The whole Places hierarchy is loaded and cached using&nbsp;

{code}
select ?x ?y where {?x a crm:E53_Place; skos:broader ?y. }
{code}
Vlado suggested using the following query if need to retrieve chain of parents for individual place:

{code}
SELECT ?label ?subTopicOf {
  {?x crm:P88i_forms_part_of [skos:prefLabel ?label; skos:broader [skos:prefLabel ?subTopicOf]]}
  UNION
  {?x skos:prefLabel ?label; skos:broader [skos:prefLabel ?subTopicOf]}
  FILTER (?x in (<http://collection.britishmuseum.org/id/place/x45461>,
                 <http://collection.britishmuseum.org/id/place/x66969>))
}
{code}

h2. Display Fields implementation


h3. API

- created a new enum DisplayField with names as specified on the above table. This is similar to the older Shortcut enum. The values were preserved where matching between the DisplayField and Shortcut enums
- added a new method to SearchAPI - frSearchNew() that should be used instead of frSearch()
- the results are Entities, for which Entity.getDisplayField(DisplayField) should be called. This is similar to the older Entity.getShortcutField(Shortcut), except that it now returns Literal\[\] instead of Entity\[\]. As Jana noted, this will cause problems with the Place hierarchy, which is currently implemented via getAncestors(URI)

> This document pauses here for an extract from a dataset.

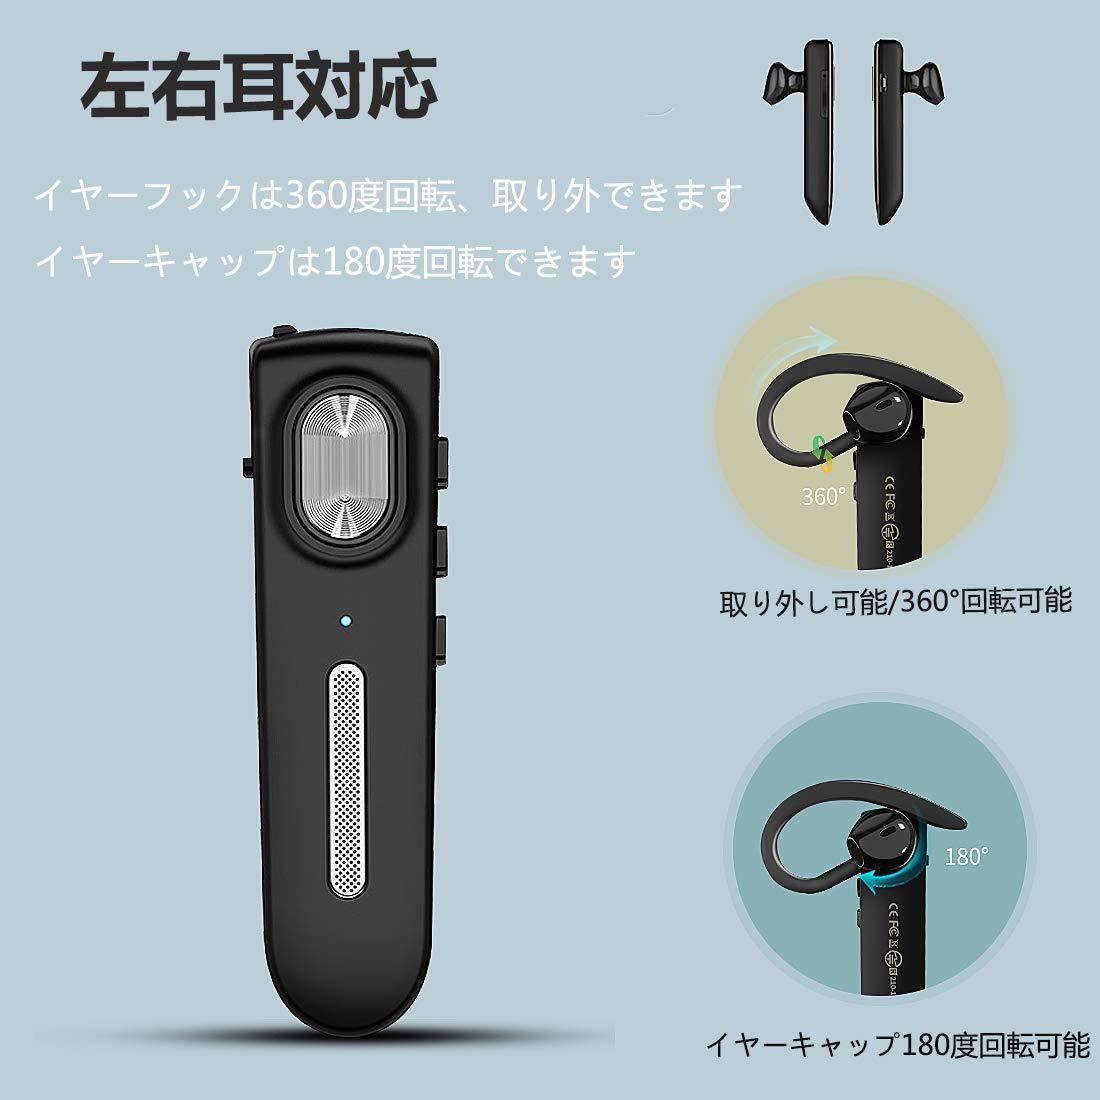 【最安値】Bluetooth ヘッドセット 5.0 日本語音声 ワイヤレス 片耳 マイク内蔵 日本技適マーク取得 150mAhバッテリー 22時間連続再生 _画像6

h3. Implementation details

- SearchAPIImpl.java
- created declarative table, A_DISPAY_FIELD; interpretted in loadDisplayFields()
- when several options are possible, we select several fields via SPARQL, then do the merging in Java
- e.g. for the ?Title field, we use 3 different vars
|| Var || SPARQL ||
| Title1 | ?E crm:P102_has_title ?title1. ?title1 crm:P2_has_type rst-note:title-primary; crm:P3_has_note ?Title1. |
| Title2 | ?E crm:P102_has_title ?title1. ?title1 rdfs:label ?Title2. |
| Title3 | ?E bmo:PX_physical_description ?Title3 |
- for the ?Places field we use 2 different vars:
|| Var || SPARQL ||
| Place1 | ?E crm:P108i_was_produced_by ?prod. ?prod P9_consists_of ?subprod. ?subprod crm:P7_took_place_at ?placeCreated1. ?placeCreated1 crm:P88i_forms_part_of ?place1. ?place1 skos:prefLabel ?Places1. |
| Place2 | ?E crm:P12_occurred_in_the_presence_of ?find. ?find a bmo:EX_Discovery. ?placeFound1 crm:P88i_forms_part_of ?place1. ?place1 skos:prefLabel ?Places2. |
| Places3 | ?E crm:P108i_was_produced_by ?prod. ?prod P9_consists_of ?subprod. ?subprod crm:P7_took_place_at ?Places3. |
| Places4 | ?E crm:P12_occurred_in_the_presence_of ?find. ?find a bmo:EX_Discovery. ?find crm:P7_took_place_at ?Places4. |

- the results are combined via two methods:
-- trySeveral(), checks several fields and takes the 1st non-null value, e.g. trySeveral("Title1", "Title2", "Title3") will check if "Title1" has non-empty array of values and take the first one, or else check if "Title2" has non-empty array of values and take the 1st one, etc.
-- combineSeveral(), adds all values for each field, then takes only the unique ones, e.g. combineSeveral("Place1", "Place2") will take all values for Place1, then all values for Place2, then combine them, then take only the unique ones.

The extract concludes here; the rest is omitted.